----- DATASET SECTION
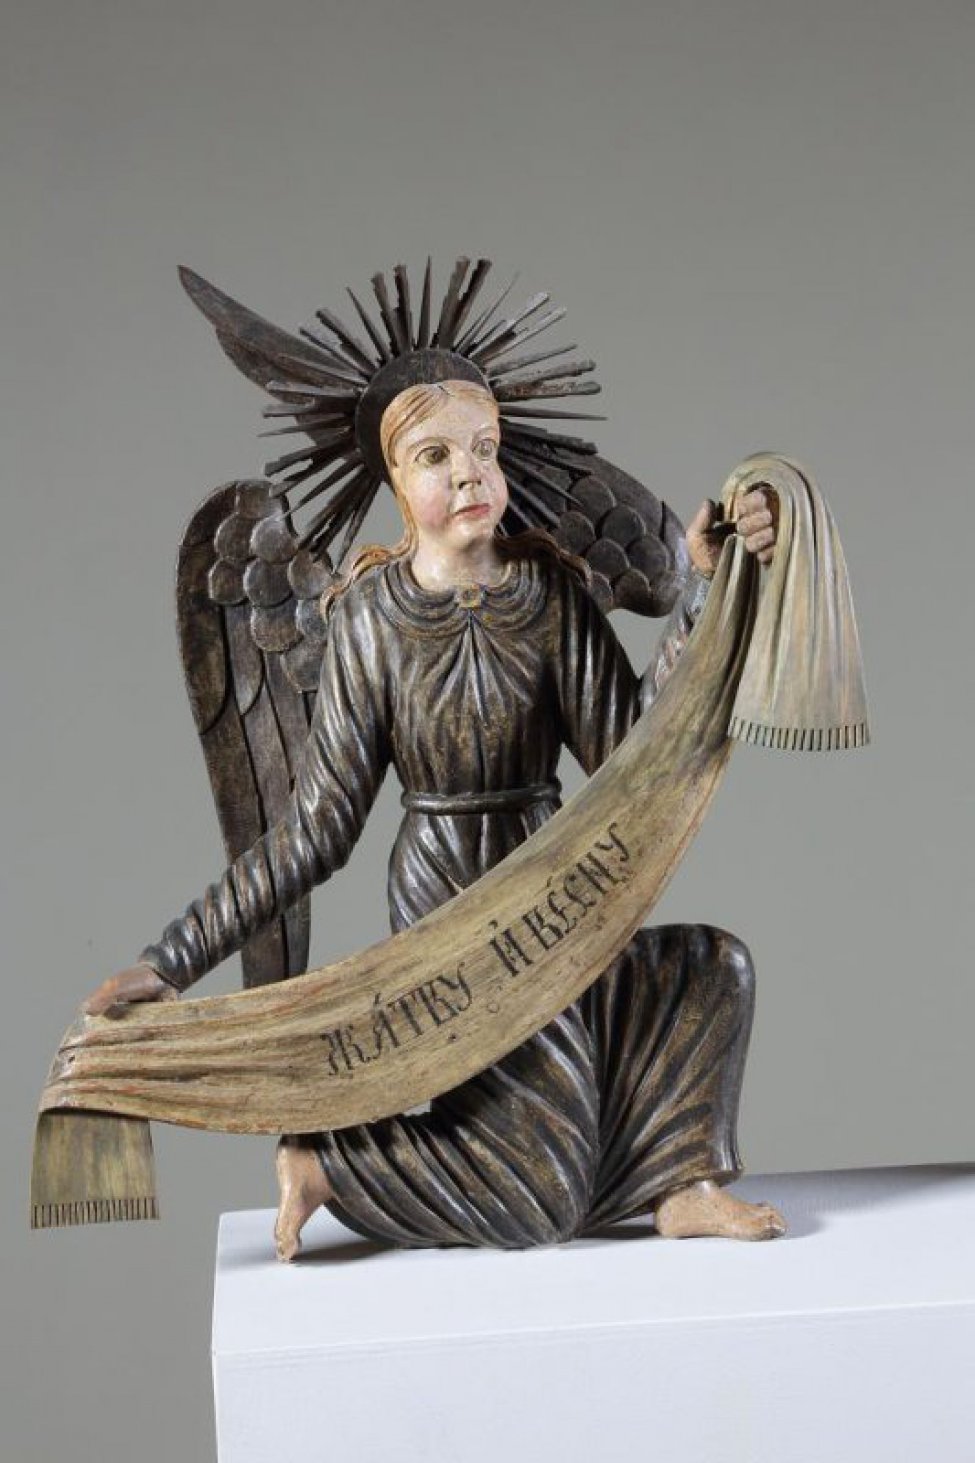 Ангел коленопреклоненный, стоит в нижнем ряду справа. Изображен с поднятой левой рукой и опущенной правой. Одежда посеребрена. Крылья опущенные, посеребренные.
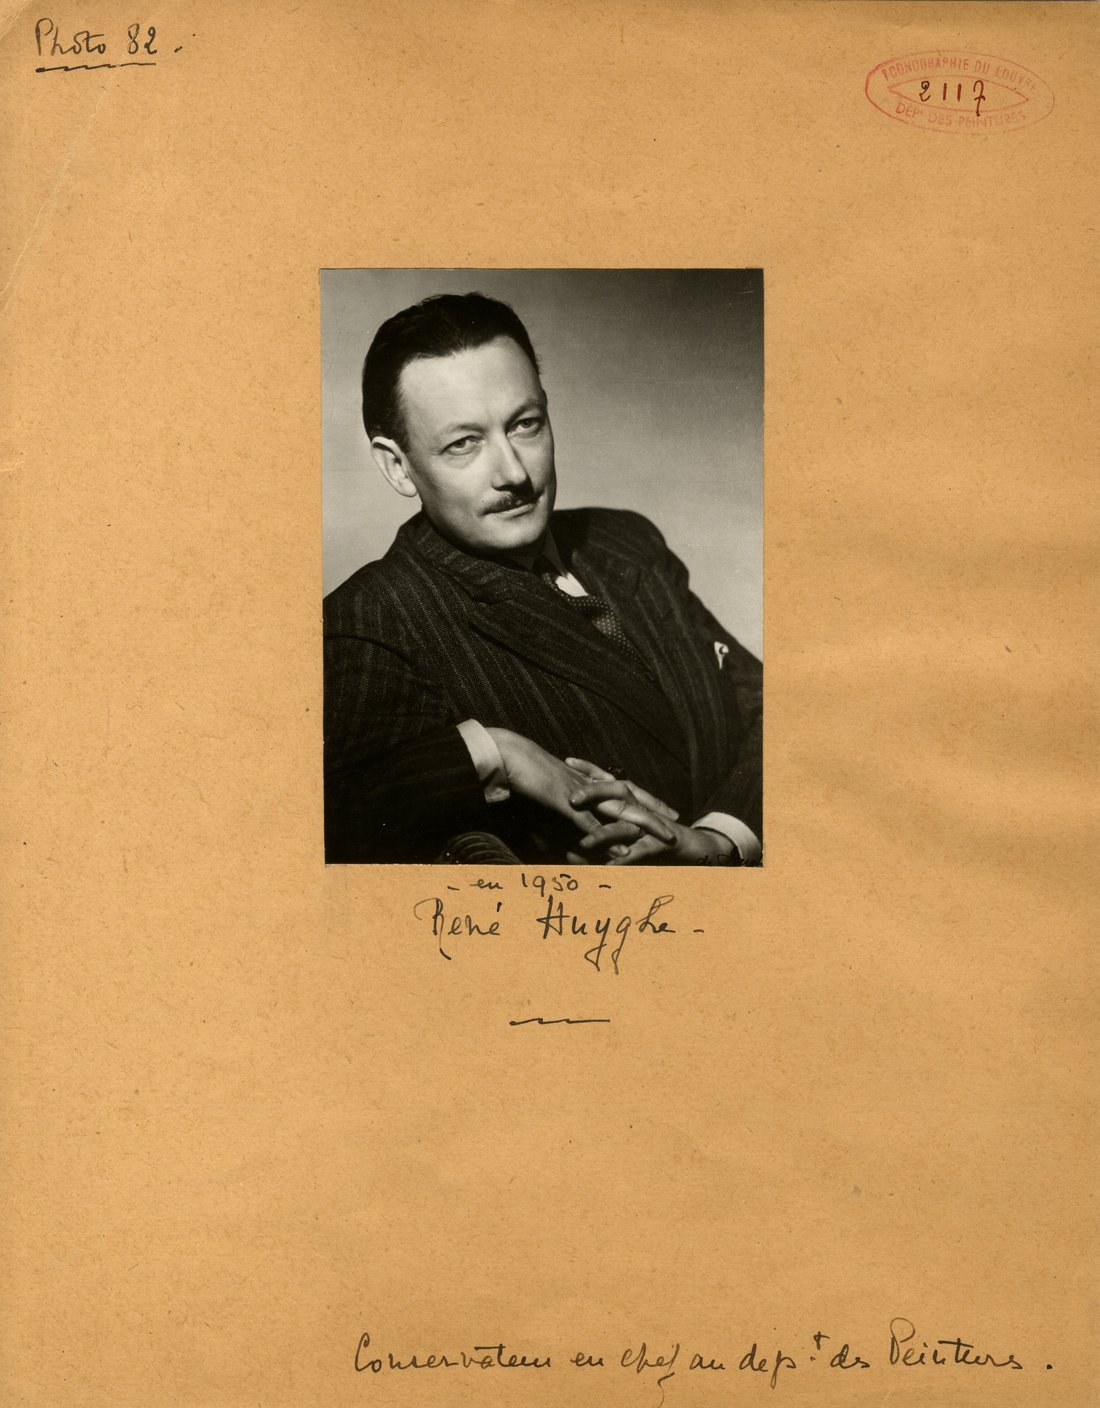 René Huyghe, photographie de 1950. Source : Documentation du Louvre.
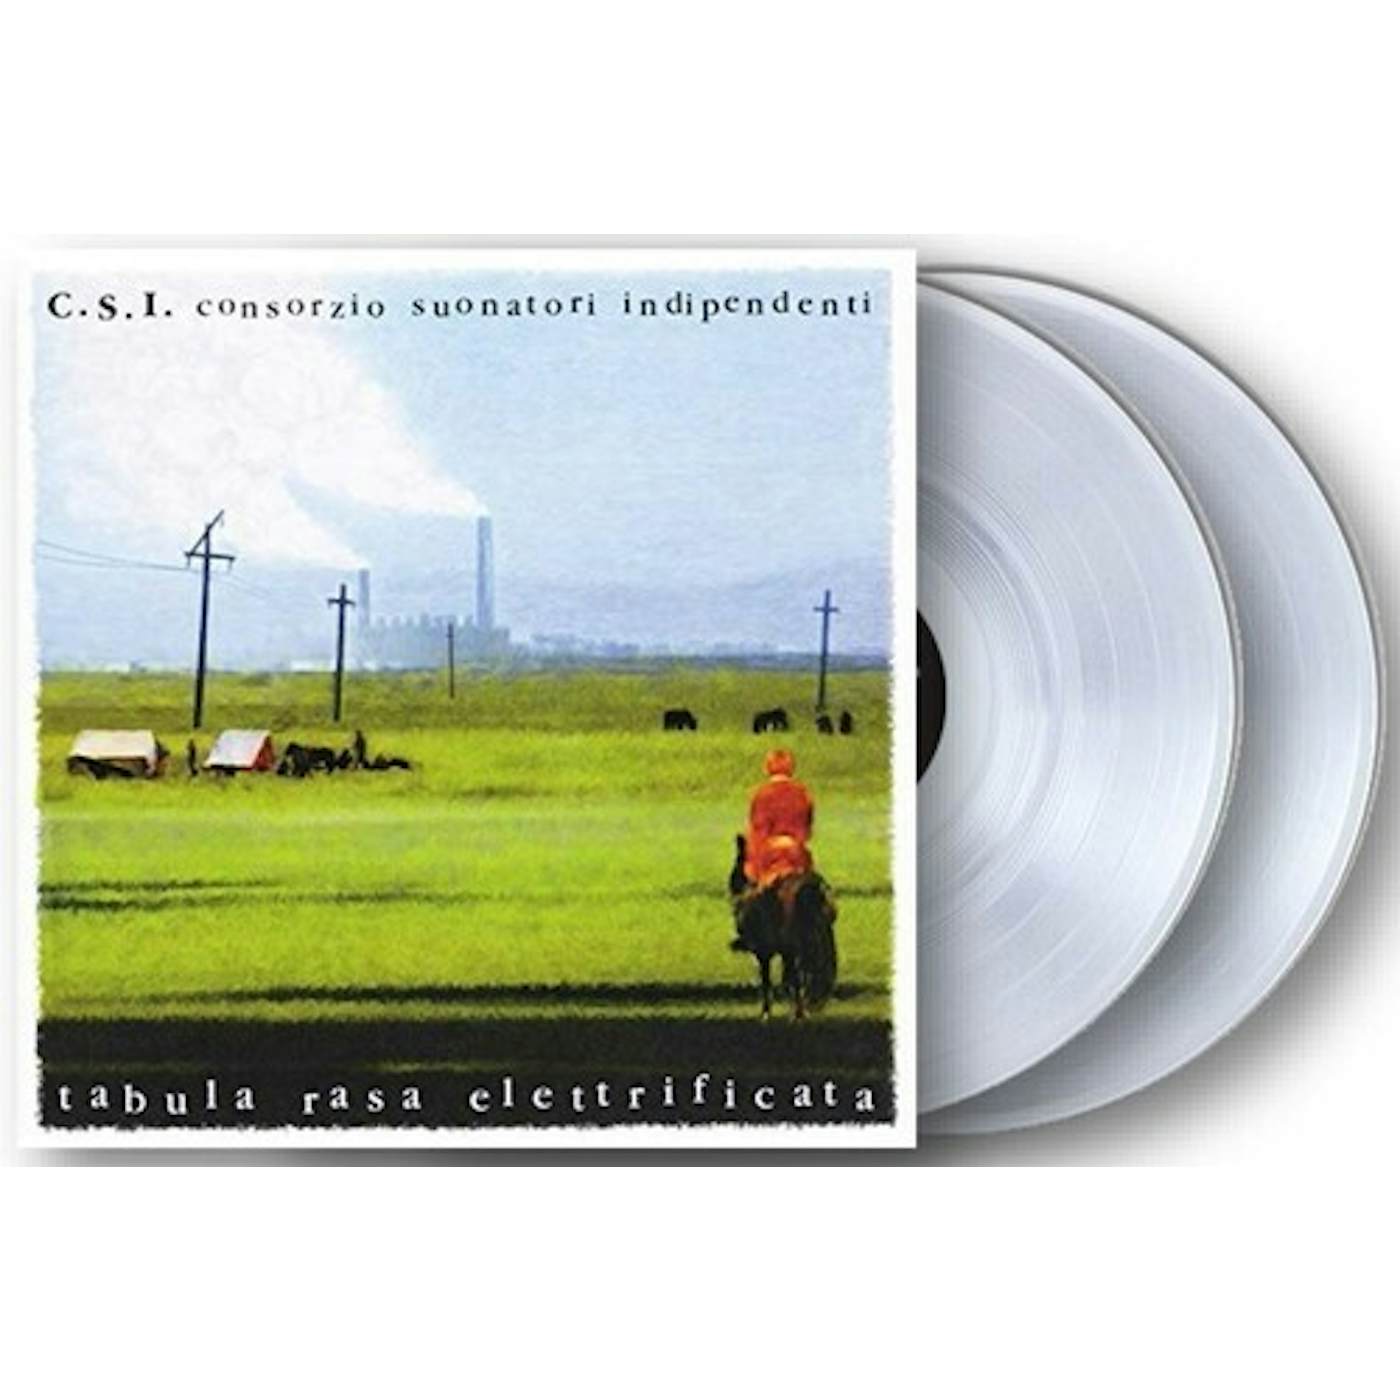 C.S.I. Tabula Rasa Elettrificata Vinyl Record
----------
Return the whole listing exactly, minus its pictures.

■ FINISHED EXERCISE
 Ангел коленопреклоненный, стоит в нижнем ряду справа. Изображен с поднятой левой рукой и опущенной правой. Одежда посеребрена. Крылья опущенные, посеребренные.
 René Huyghe, photographie de 1950. Source : Documentation du Louvre.
 C.S.I. Tabula Rasa Elettrificata Vinyl Record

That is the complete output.